唯月の肩を痛いほどの力で握った西谷は、苦しそうに、泣きそうに顔を歪めていた。
『西谷く「脚は!!?」…脚?』
「俺っ!いっぱい練習に付き合ってもらって!!サーブレシーブも、ブロックフォローの時も、この間の町内会チームとの練習試合も…っ!!」
次の言葉が継げなくなった西谷は俯く。
『大丈夫。あれくらいじゃ何ともないから』
「でもっ…」
『自分の限界は自分が一番よく知ってるから。大丈夫だよ』
微笑む唯月を見て、西谷は一瞬ホッとしたような表情を見せて、今度はその目に怒りを灯した。
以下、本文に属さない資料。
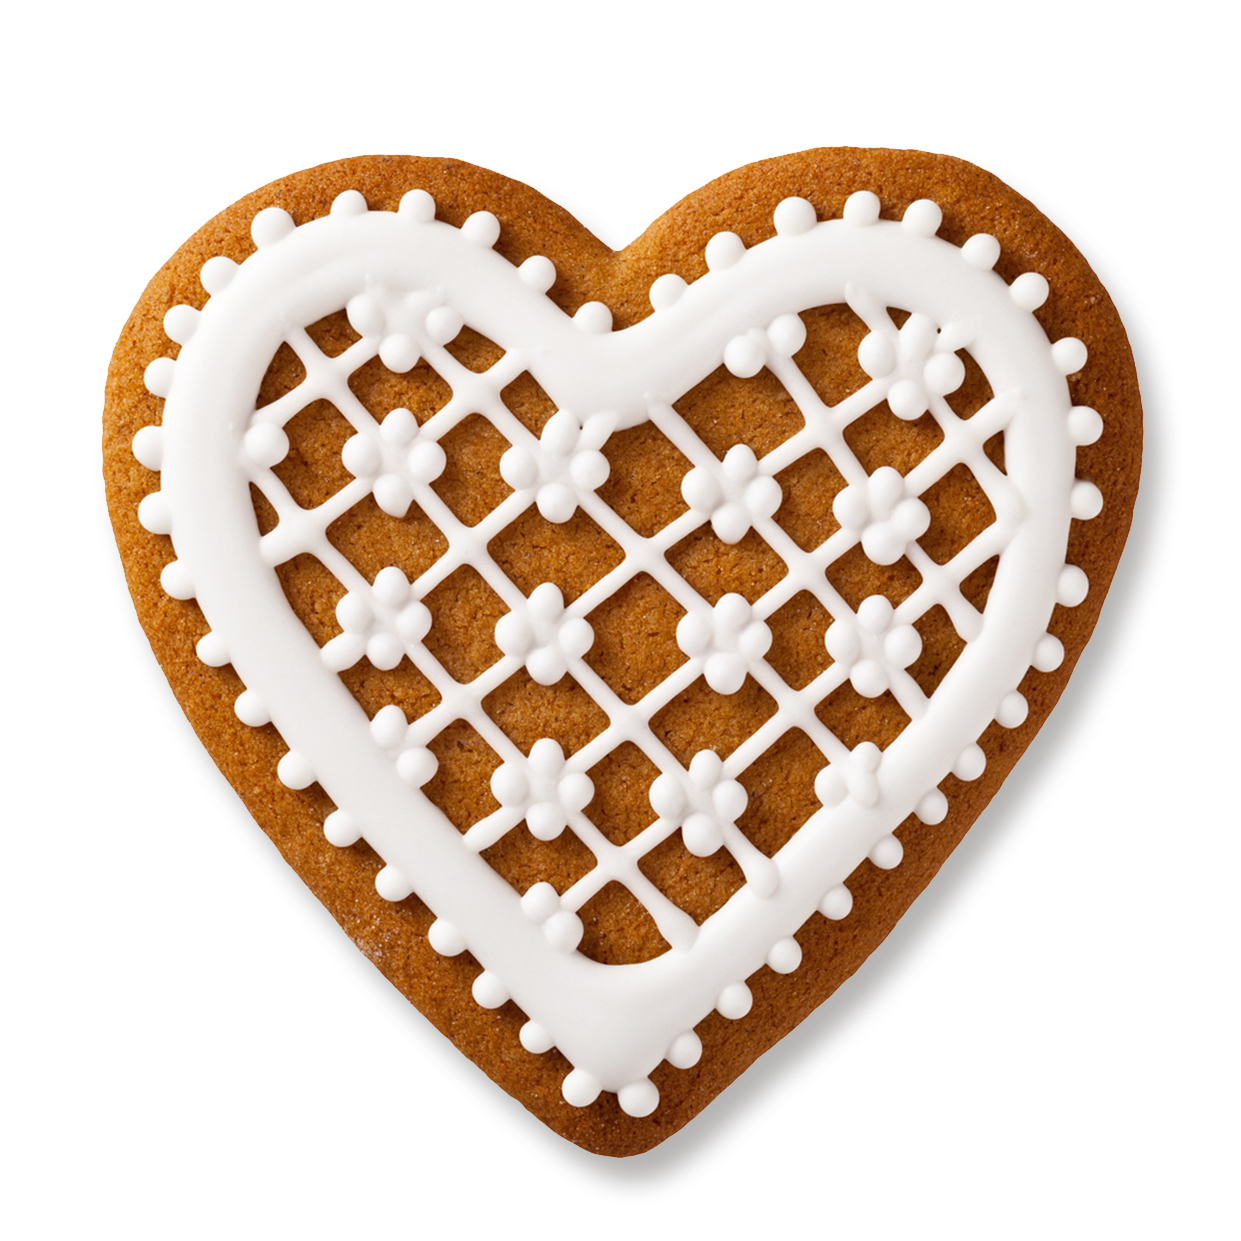 Gingerbread Heart - sent on November 21st, 2022
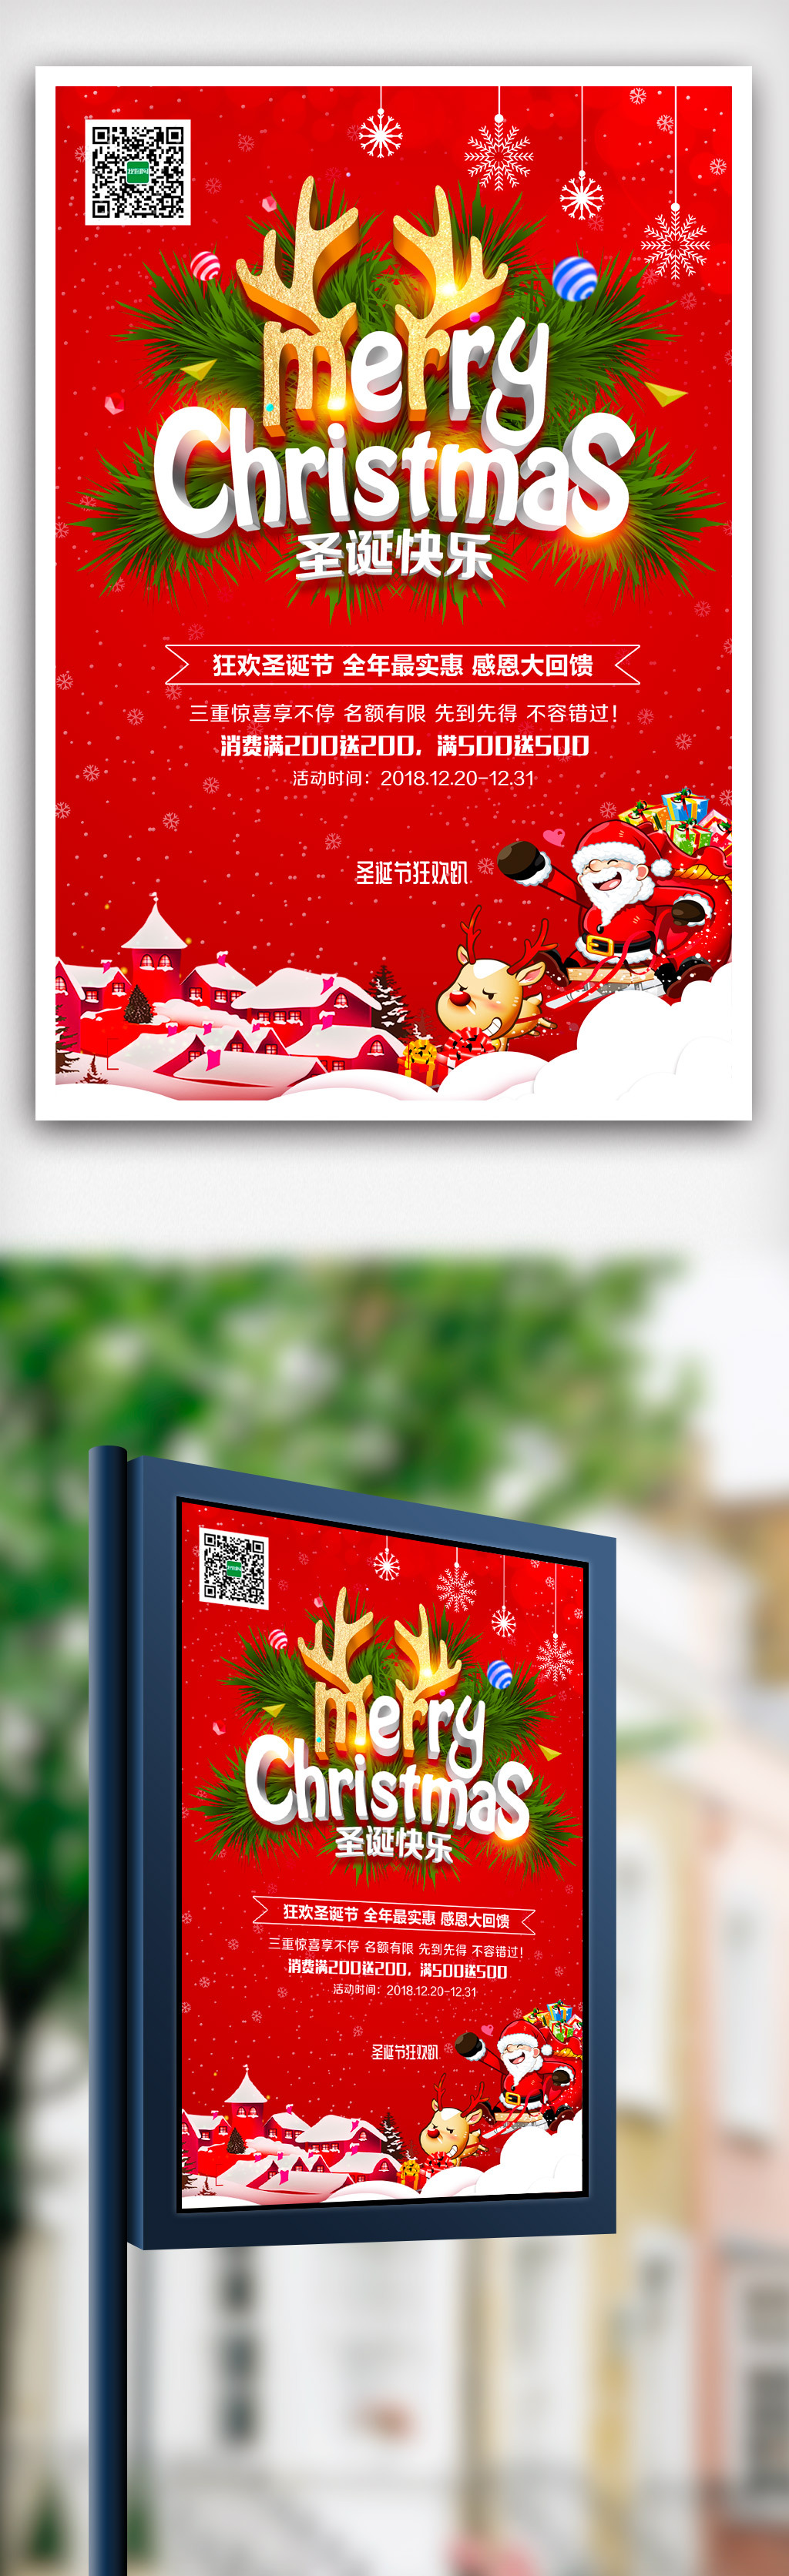 红色大气卡通圣诞节促销海报模版.psd图片

「なんで…、何でもっと早く言ってくれなかったんですか!!」
その言葉に、今度は唯月が俯く番だった。
『……本当はこのまま、ずっと言わないつもりだったよ』
「は…、」
『でも…、菅原くんや澤村くんが、真剣に誘ってくれたから。俺も真剣に応えなきゃと思った』
「!」
薄く笑う唯月はどこか苦しそうで、西谷は唯月の肩から手を離して彼を見つめる。
『…楽しいなって、思ったんだ。バレーが出来なくなっても、やっぱりバレーと関わりたいと思った。全国を目指すみんなを見て、目指せなくなった自分を重ねてたのかもしれない』
ごめんね、と言って、唯月は笑った。
膝立ちになった自分と唯月では、若干こちらの方が高い。
自分を見上げるようにして申し訳なさそうに笑う唯月に、西谷は俯いて、ぐっと拳を握りしめた。
「だったら」
『…?』
「その夢、俺が背負う」
『!』
「「!」」
「アンタがやりたかったこと、叶えたかった夢、全部俺が背負う。全部背負って、」
顔を上げて唯月を見る。西谷は笑顔だった。
「ーー俺がアンタを、全国へ連れていく」
予想していなかった言葉に、唯月は大きな猫目をさらに大きく開く。
言葉が出ない唯月は、ただぽかんとしているばかりで。
西谷の言葉に反応したのは、唯月ではなくバレー部員たちだった。
「俺が、じゃなくて、俺たちが、だろ!」
「いちいち男前だなノヤっさん!!」
「痛いっス、スガさん!」
西谷の頭をがしがしと叩く菅原と、騒がしい田中。口々に「そうですよ!」という部員たちを、唯月はやはりぽかんと見つめた。
『…ふっ、……ははっ!』
「「「!?」」」
俯いたかと思えば、唯月は口元に手を当てて、声を出して笑った。
「「「(笑っ……えっ!?)」」」
ここまで笑う唯月を初めて見る面々は、唯月を凝視したまま固まる。
『あー…ごめん…、参った』
笑いすぎて涙が出たらしい唯月は、それを拭った。
『西谷くん、かっこいいな』
「ーー……」
目尻を下げて、楽しそうに、そして何より嬉しそうに笑う唯月を見る西谷は、そのまま動かない。
『ーーみんなを、信じてみる』
唯月の言葉に、西谷以外の全員が奮い立つ。
気合いを入れ直しているバレー部員たちと、それを見つめる唯月は、西谷の変化に気づかない。
「……(…落ち、た?)」
どくんどくんと高鳴る心臓は締め付けられるよう。
西谷は手で口元を覆いながら、赤くなった顔を隠すことに精一杯だった。